2. How do you work out the mixture membership probabilities (or what is the probability that the point is an outlier) after using this model?

The basic model¶

The idea here is that you have some data drawn from the model that you care about and some data points that are outliers—drawn from a different model that you don't care about! For simplicity, let's consider a linear model. Everything that I derive here will be applicable to other more complicated models but it is easier to visualize the linear case. Hogg et al. (2010) give a nice treatment of this linear model with slightly different notation but they miss a few useful points in the discussion.

To start, let's generate some fake data:

In [2]:
import numpy as np
import matplotlib.pyplot as pl

# We'll choose the parameters of our synthetic data.
# The outlier probability will be 80%:
true_frac = 0.8

# The linear model has unit slope and zero intercept:
true_params = [1.0, 0.0]

# The outliers are drawn from a Gaussian with zero mean and unit variance:
true_outliers = [0.0, 1.0]

# For reproducibility, let's set the random number seed and generate the data:
np.random.seed(12)
x = np.sort(np.random.uniform(-2, 2, 15))
yerr = 0.2 * np.ones_like(x)
y = true_params[0] * x + true_params[1] + yerr * np.random.randn(len(x))
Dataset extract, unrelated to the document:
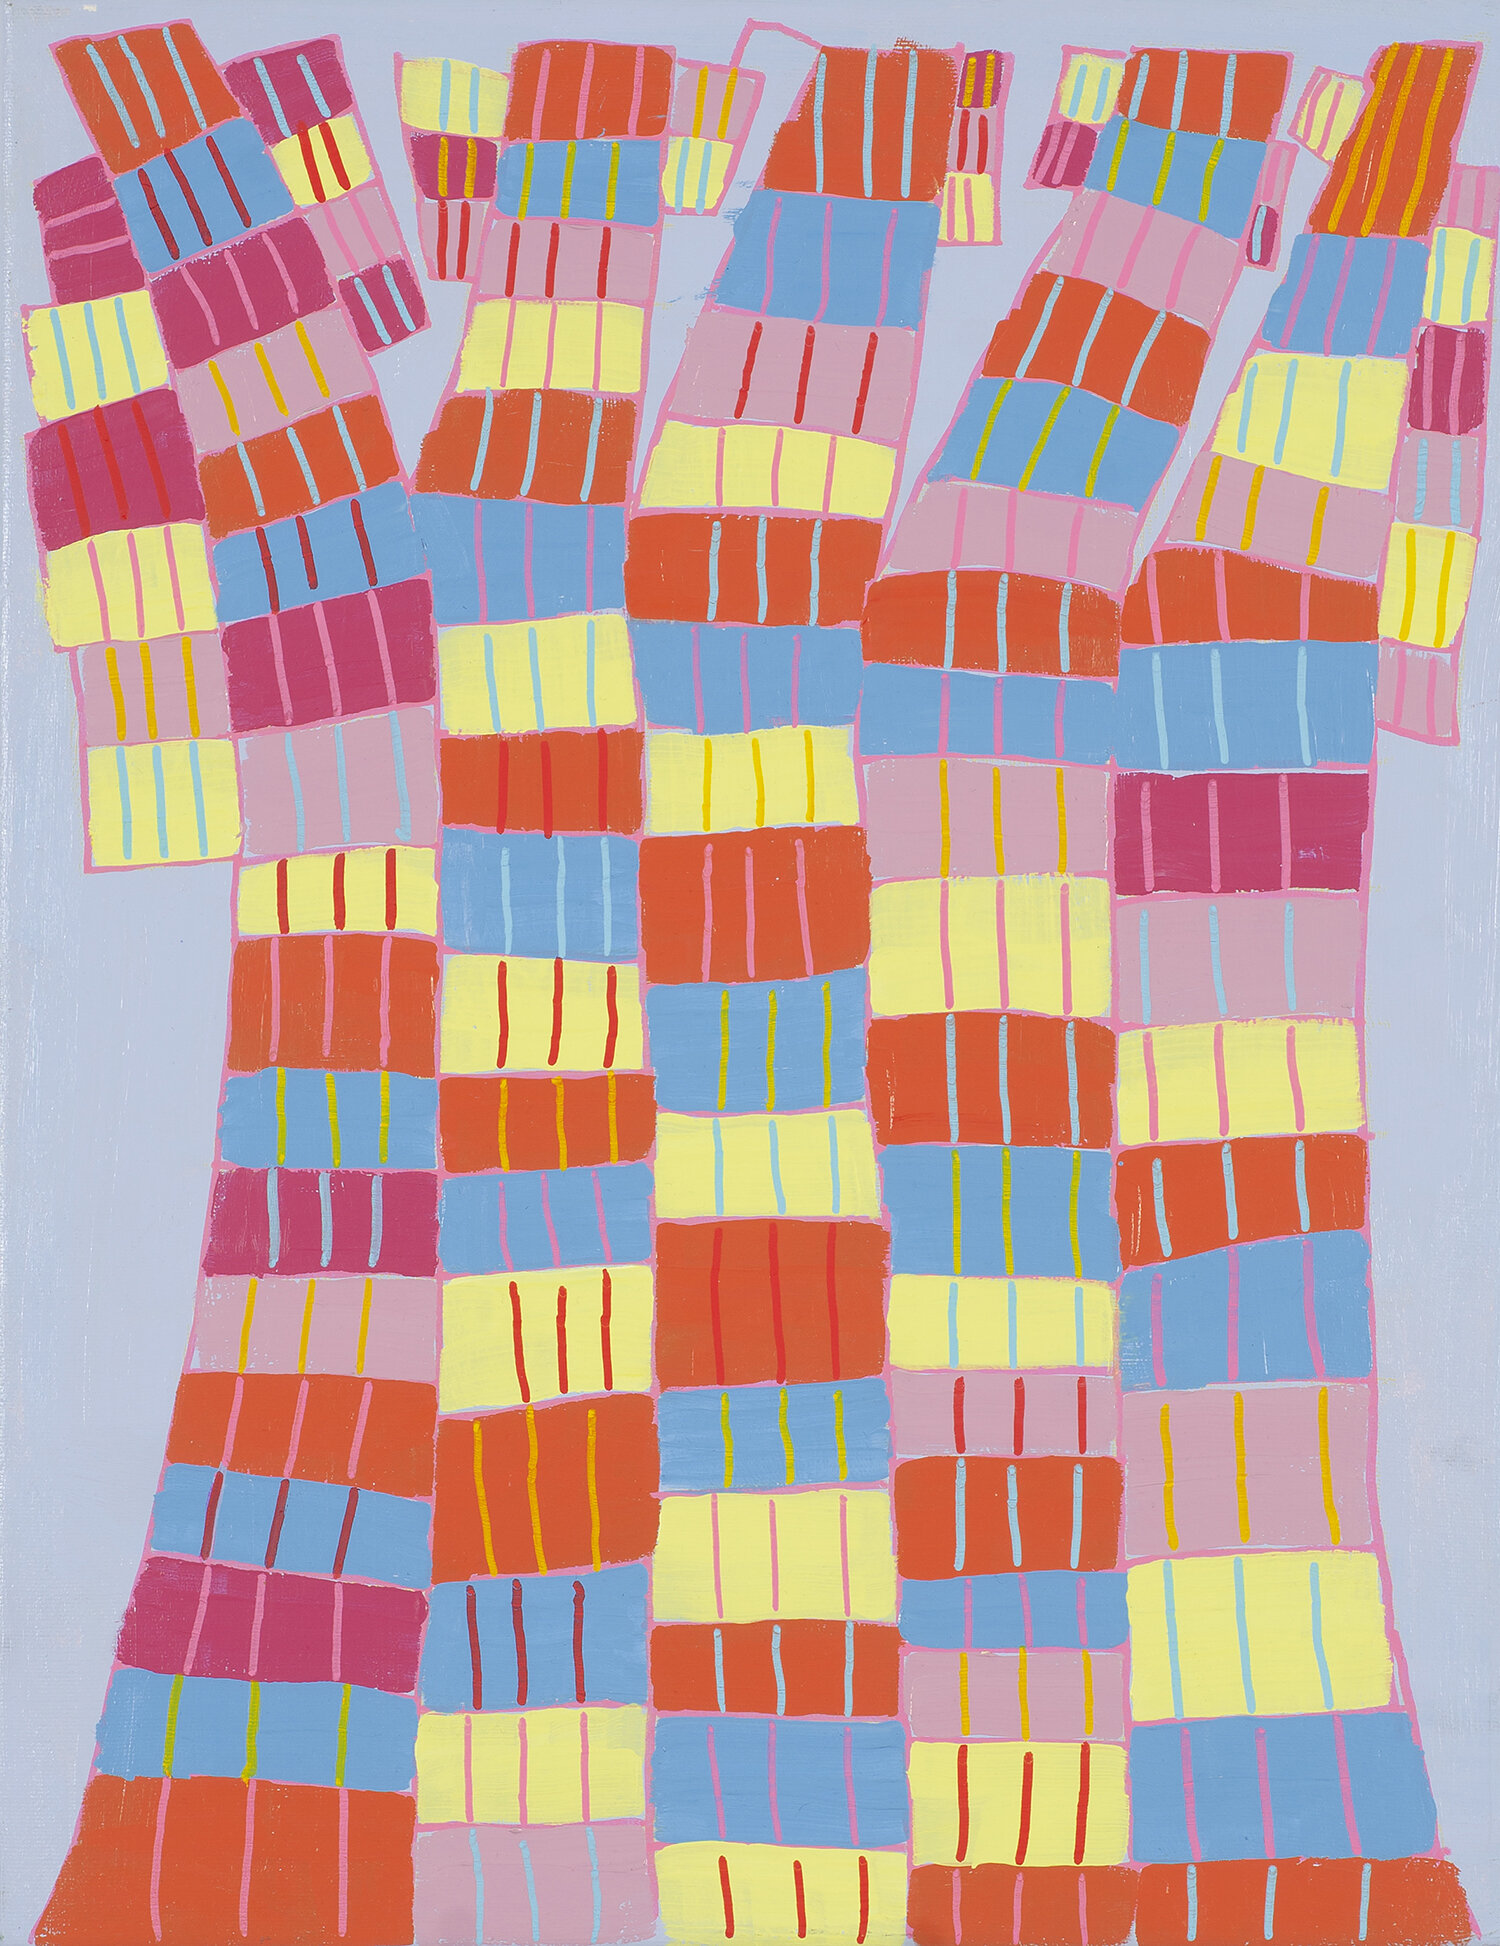 Mike Hinchcliff, Untitled (colourful checkered Tree), acrylic on canvas, 14” x 18”, 2019.

# Those points are all drawn from the correct model so let's replace some of
# them with outliers.
m_bkg = np.random.rand(len(x)) > true_frac
y[m_bkg] = true_outliers[0]
y[m_bkg] += np.sqrt(true_outliers[1]+yerr[m_bkg]**2) * np.random.randn(sum(m_bkg))


Here's what these data look like. In this plot, the empty, square points are the true outliers. The purple line is the fit if we don't account for the fact that there are outliers and just treat all the points equally. Compare this to the correct answer (shown as the black line).

In [3]:
# First, fit the data and find the maximum likelihood model ignoring outliers.
A = np.vander(x, 2)
p = np.linalg.solve(np.dot(A.T, A / yerr[:, None]**2), np.dot(A.T, y / yerr**2))
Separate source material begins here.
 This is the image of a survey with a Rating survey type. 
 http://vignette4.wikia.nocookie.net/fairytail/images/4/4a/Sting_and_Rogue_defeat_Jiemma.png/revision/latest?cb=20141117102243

# Then save the *true* line.
x0 = np.linspace(-2.1, 2.1, 200)
y0 = np.dot(np.vander(x0, 2), true_params)

# Plot the data and the truth.
pl.errorbar(x, y, yerr=yerr, fmt=",k", ms=0, capsize=0, lw=1, zorder=999)
pl.scatter(x[m_bkg], y[m_bkg], marker="s", s=22, c="w", zorder=1000)
pl.scatter(x[~m_bkg], y[~m_bkg], marker="o", s=22, c="k", zorder=1000)
pl.plot(x0, y0, color="k", lw=1.5)

# Plot the best fit line.
pl.plot(x0, x0 * p[0] + p[1], color="#8d44ad", lw=3, alpha=0.5)

pl.xlabel("$x$")
pl.ylabel("$y$")
pl.ylim(-2.5, 2.5)
pl.xlim(-2.1, 2.1);


The purple line is clearly a terrible fit because we ignored the outliers. To fix this, let's generalize this model and add a binary flag $q_k$ for each data point $k$. If $q_k$ is zero, then the point is "good" and the likelihood is given by the usual Gaussian:

$$p(y_k\,|\,x_k,\,\sigma_k,\,\theta,\,q_k=0) = \frac{1}{\sqrt{2\,\pi\,\sigma_k^2}} \exp \left(-\frac{[y_k - f_\theta (x_k)]^2}{2\,\sigma_k^2}\right)$$

where $f_\theta (x_k) = \theta_1 \, x_k + \theta_2$ is the linear model.
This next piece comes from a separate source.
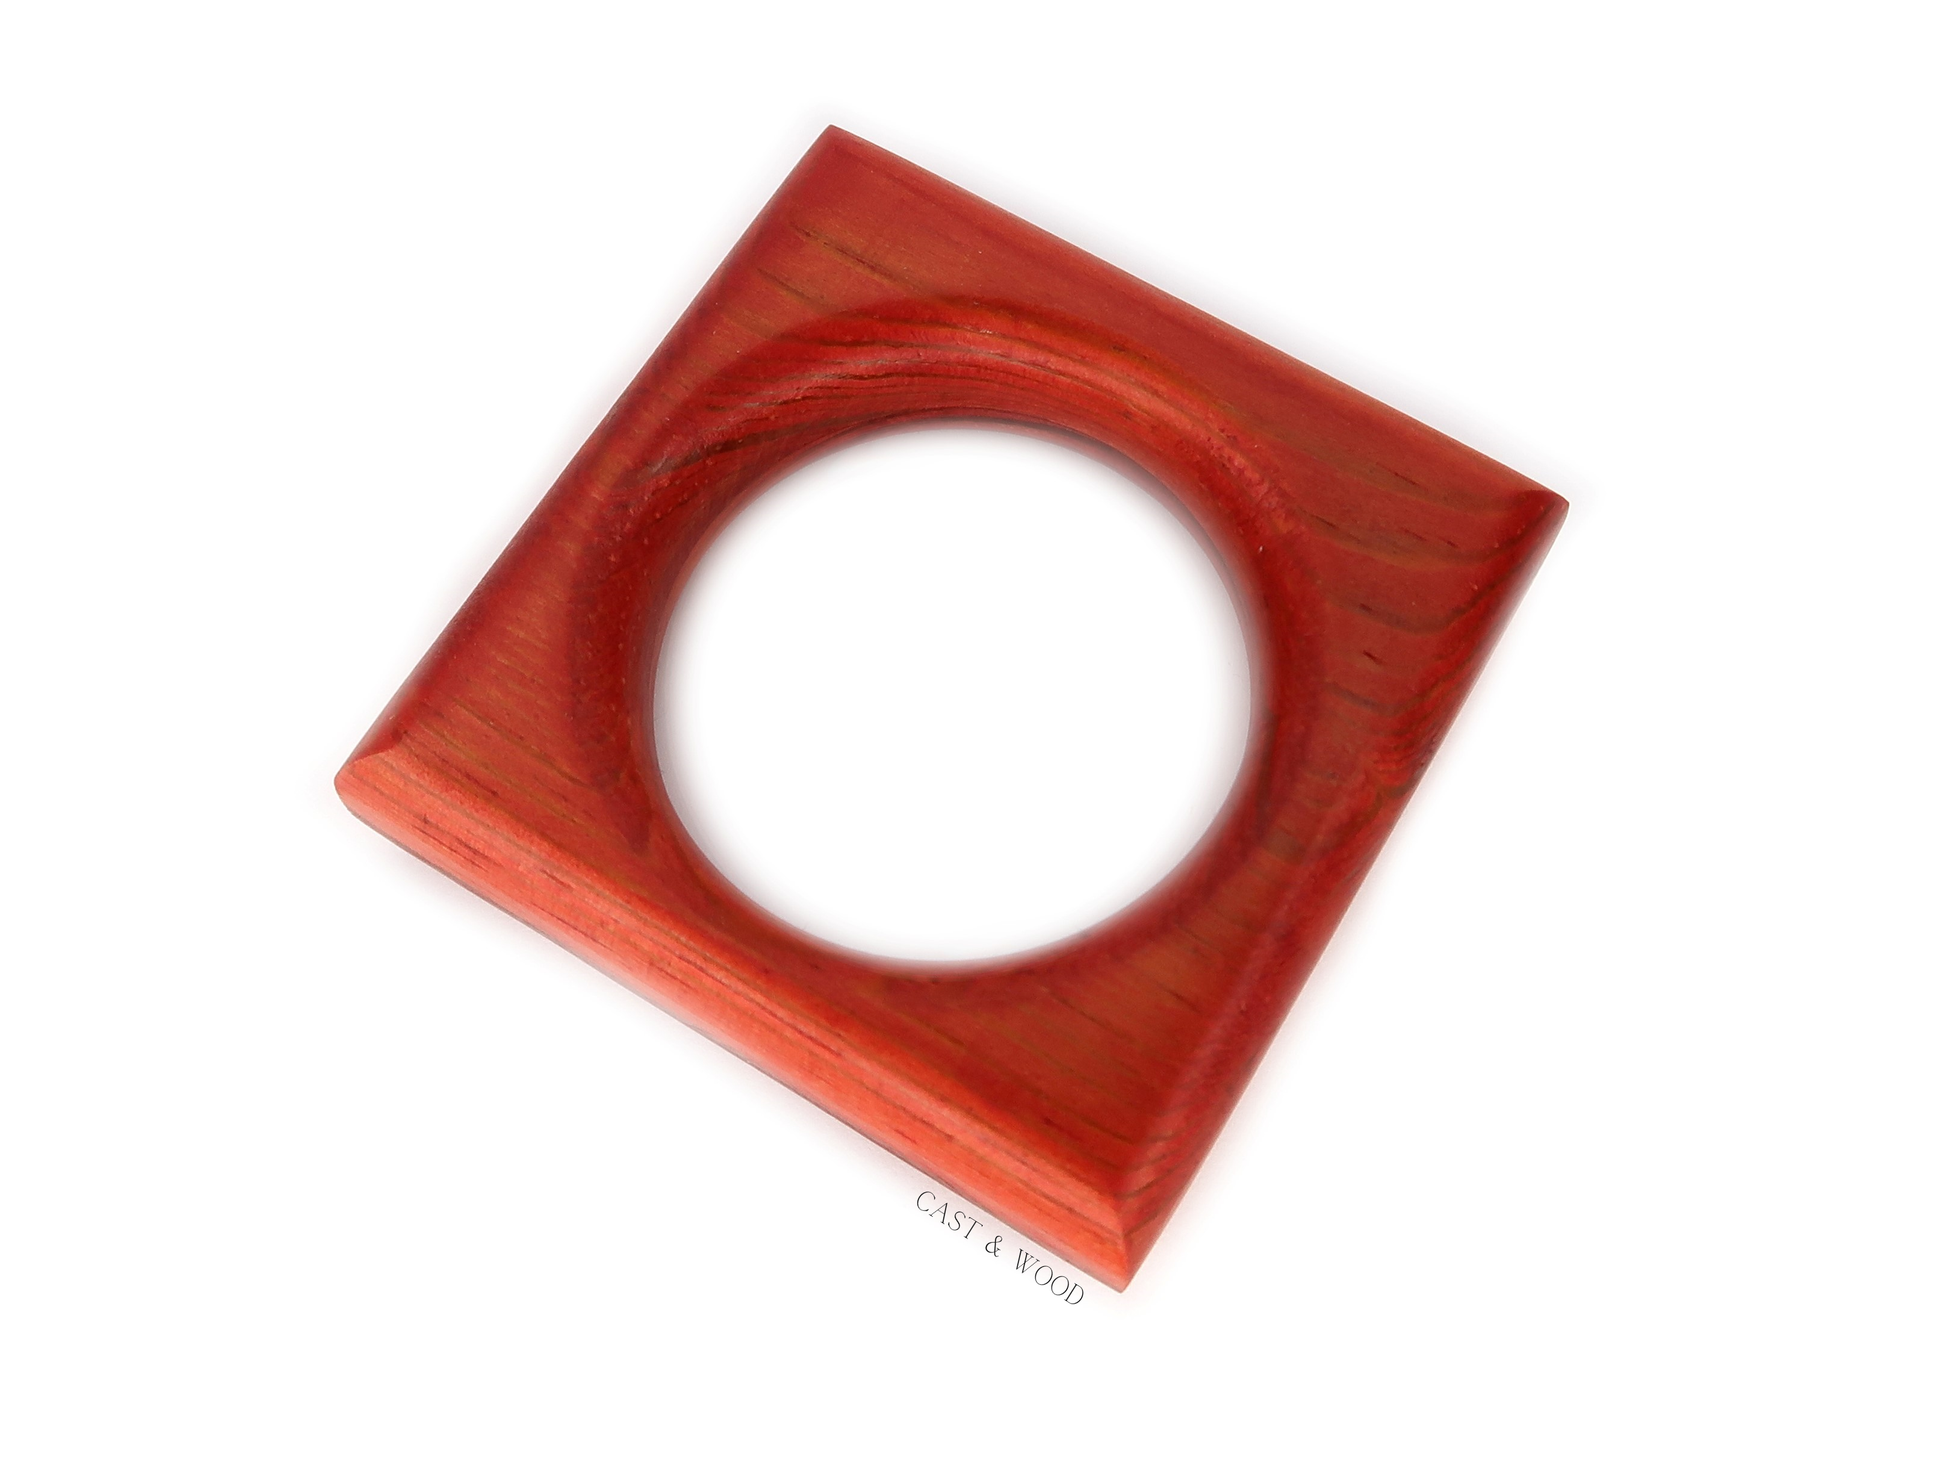 Napkin Rings - Red Cast & Wood

Now, if $q_k = 1$ then the point is an outlier and the likelihood becomes:

$$p(y_k\,|\,x_k,\,\sigma_k,\,\theta,\,q_k=1) = \frac{1}{\sqrt{2\,\pi\,[\sigma_k^2 + \theta_4]}} \exp \left(-\frac{[y_k - \theta_3]^2}{2\,[\sigma_k^2 + \theta_4]}\right) \quad.$$

I have made the simplifying assumption that the outliers are drawn from a single Gaussian with mean $\theta_3$ and variance $\theta_4$. From experience, the results aren't normally very sensitive to the choice of outlier model and the Gaussian model is often good enough but the following derivations will be valid for any model that you choose.

Under this new model, the full likelihood for the entire dataset becomes:

$$p(\{y_k\}\,|\,\{x_k\},\,\{\sigma_k\},\,\theta,\,\{q_k\}) = \prod_{k=1}^{K} p(y_k\,|\,x_k,\sigma_k,\,\theta,\,q_k)$$

where, for each term, the correct Gaussian is chosen depending on the value of $q_k$. To write this equation, I've assumed that the data points are independent and if that's not true for your dataset then things get a lot harder.

Now we could just take this likelihood function, apply priors, and use MCMC to find posterior constraints on $\theta$ and the $\{q_k\}$ flags but this would be hard for a few reasons. First, if you're used to using emcee for your MCMC needs, you'll find that it's pretty hard to implement a model with discrete variables so you'd probably need to learn some other sampler and, honestly, it probably wouldn't work well for this problem either! Which brings us to our second problem. This problem is very high dimensional and the dimension scales with the number of data points. Without the outlier model, the problem is only two-dimensional but when we include the outliers, the model suddenly becomes $(4 + K)$-dimensional, where $K$ is the number of data points. This will always be hard! Therefore, in practice, it is useful to marginalize out the badly behaved parameters ($q_k$) and just sample in $\theta$.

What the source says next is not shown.